Comarth
- Industry: Automotive
- Founded: 1999
- Headquarters: San José de la Vega, Murcia, Spain
- Products: Electric vehicles
- Website: www.comarth-ev.com

= Comarth =

Spanish car company

Comarth is a company based in San José de la Vega, Murcia, Spain, which specializes in the construction of electric cars. It was founded by José Antonio Martínez Marín in 1999.

==History==
Comarth began with the manufacture of two sports road models, both powered by original Ford engines, initially with:

- Comarth S1, 26 units.
- Comarth Xtamy, 5 units.

Subsequently, due to the higher profitability of electric vehicles, it focused solely on the manufacture of small vehicles powered by electric power, such as small urban vehicles, maintenance vehicles and golf carts, which was later expanded in 2014 to buses (T-Bus) and trucks (T-Trucks) with batteries with different charge cycles.
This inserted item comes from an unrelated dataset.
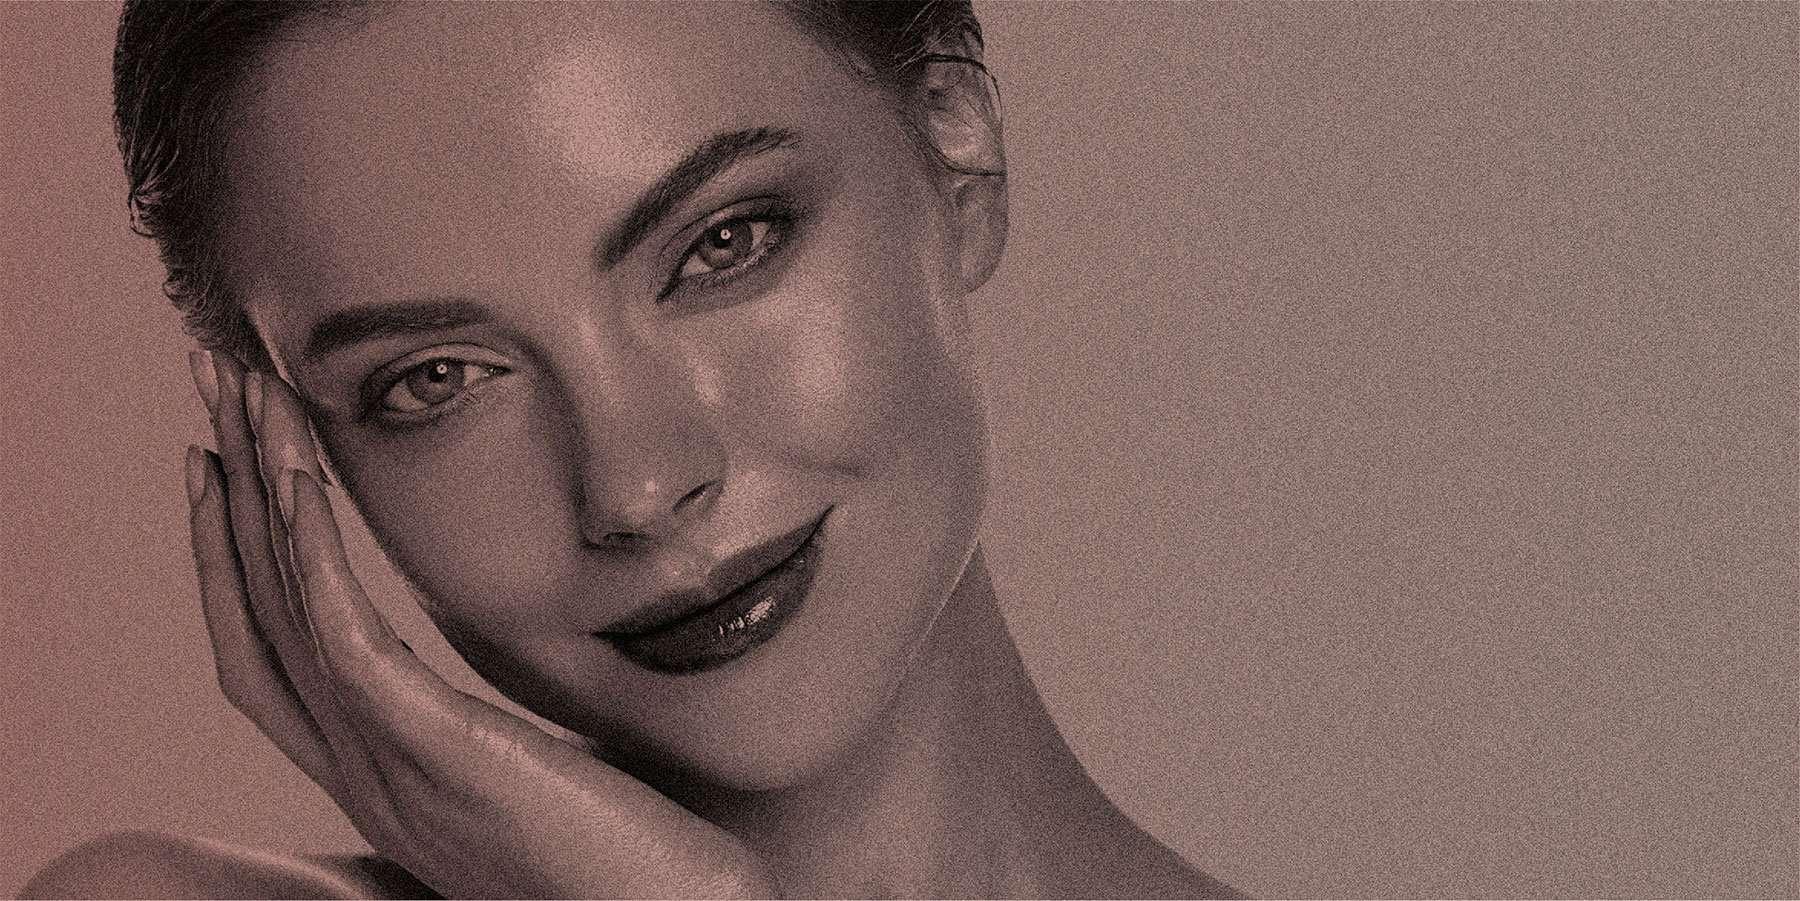 Aquajet Microdermabrasion Facial image

At this time, the ownership of this company is divided between its founder, who holds 13% of the shareholding, a French investor, Demeter Partners, who accumulates 49% of the company's shares, and the Mondragón Corporation since November 2013 with the remaining 38%. The company currently has commercial interests in Spain, France and Norway and a global network of distributors on all continents.

==Production==
Comarth's range is made up of:
- Comarth Cross Rider
- Comarth CR Sport
- Comarth S1
- Comarth Toy Rider
- Comarth T-Truck
- Comarth T-Bus
- Comarth Xtamy

==Motorsport==
In its 2003 edition of the Dakar Rally, Comarth presented a modified S1, which was specially designed to take part in the rally raids. It was piloted by Antonio Ramos Martínez.